**GIVEN INFORMATION:**
########################################

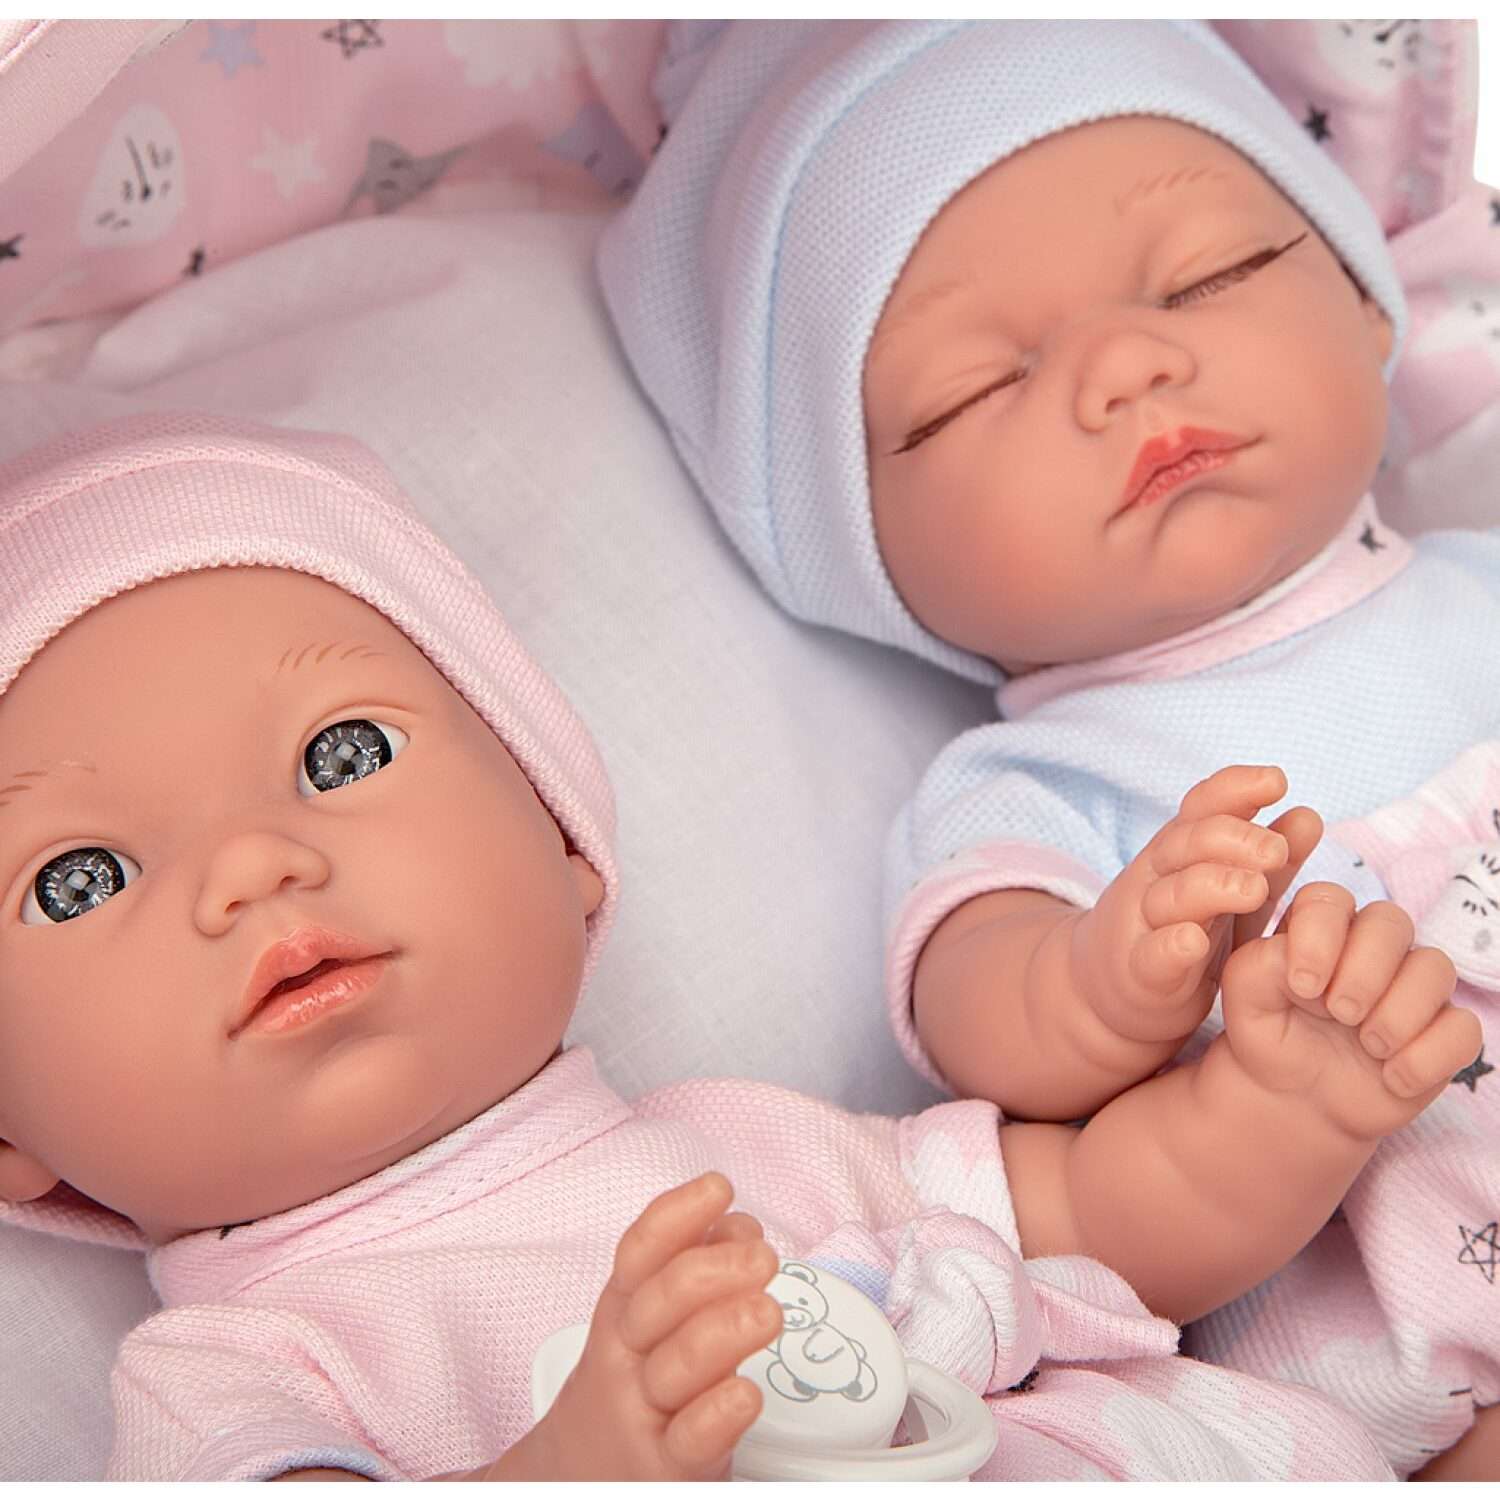 Набор кукол Arias ELEGANCE BABIS GEMELOS реборн двойняшки 26 cм в люльке переноске Т22894 - фото 2
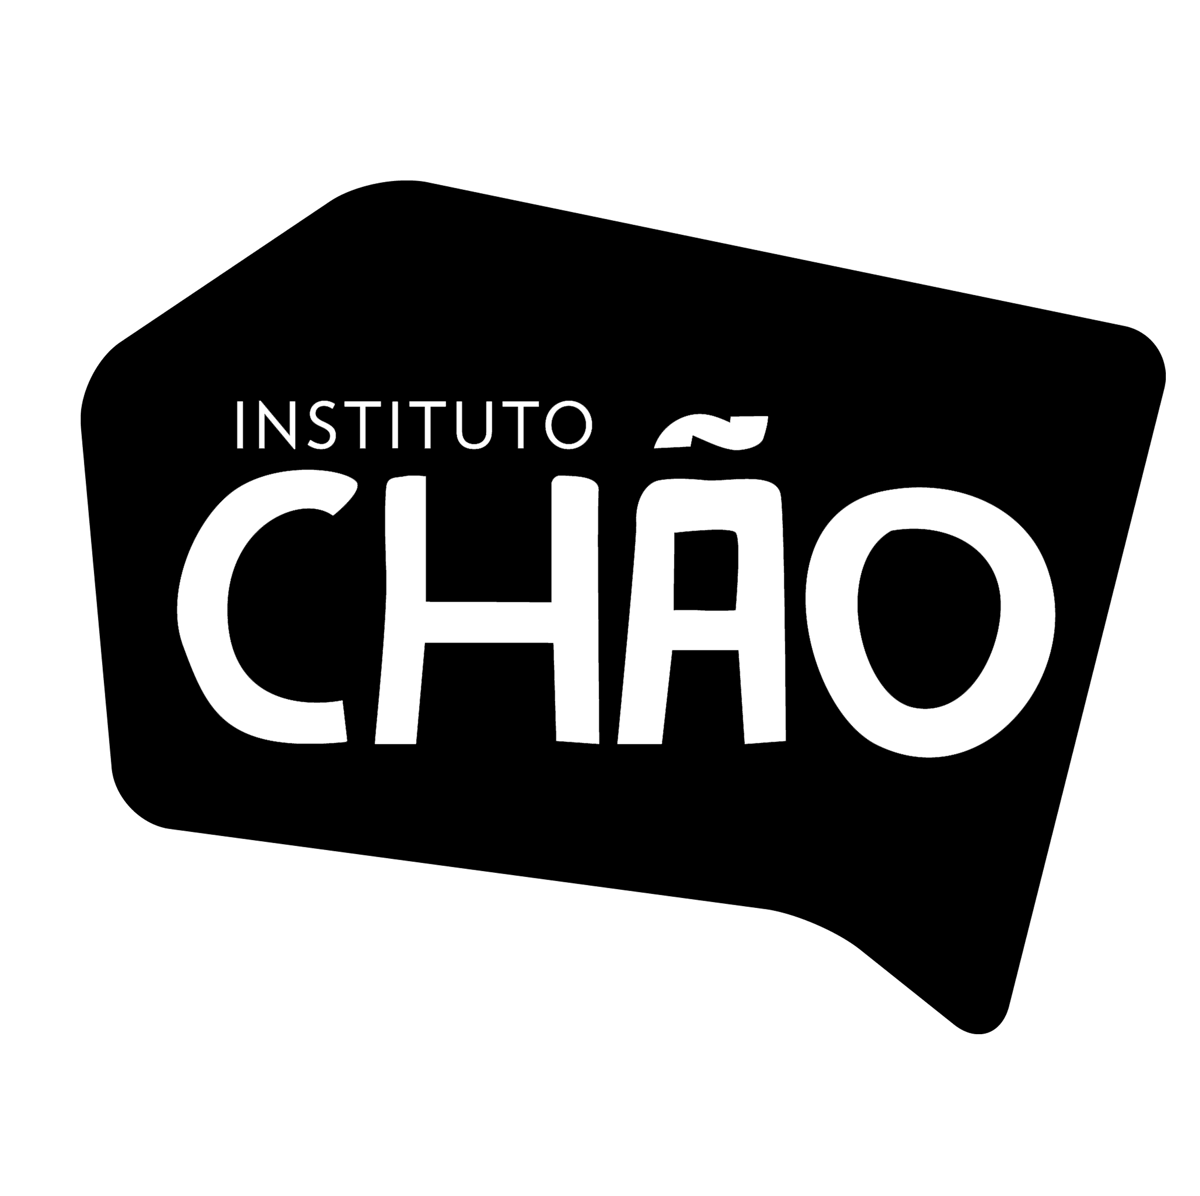 (c) Institutochao.org
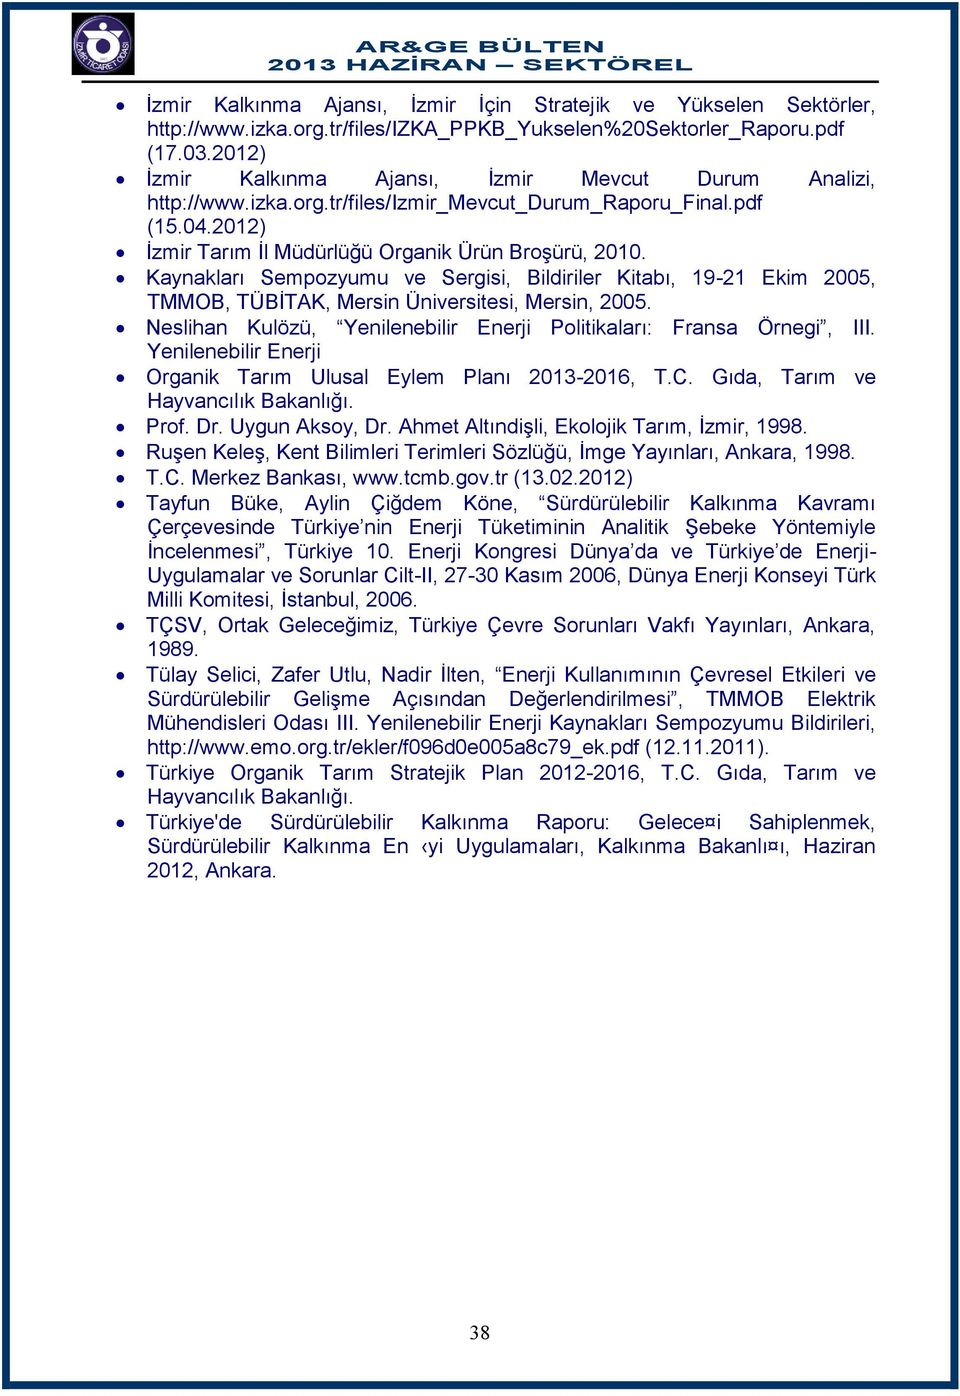 Kaynakları Sempozyumu ve Sergisi, Bildiriler Kitabı, 19-21 Ekim 2005, TMMOB, TÜBİTAK, Mersin Üniversitesi, Mersin, 2005. Neslihan Kulözü, Yenilenebilir Enerji Politikaları: Fransa Örnegi, III.

########################################

**AIM OF THE TASK:** Every line from the one with "(c) Institutochao.org" through the last line of the material gets printed exactly, and nothing more. Omit the pictures.

**EXERCISE OUTPUT:**
 (c) Institutochao.org
 Kaynakları Sempozyumu ve Sergisi, Bildiriler Kitabı, 19-21 Ekim 2005, TMMOB, TÜBİTAK, Mersin Üniversitesi, Mersin, 2005. Neslihan Kulözü, Yenilenebilir Enerji Politikaları: Fransa Örnegi, III.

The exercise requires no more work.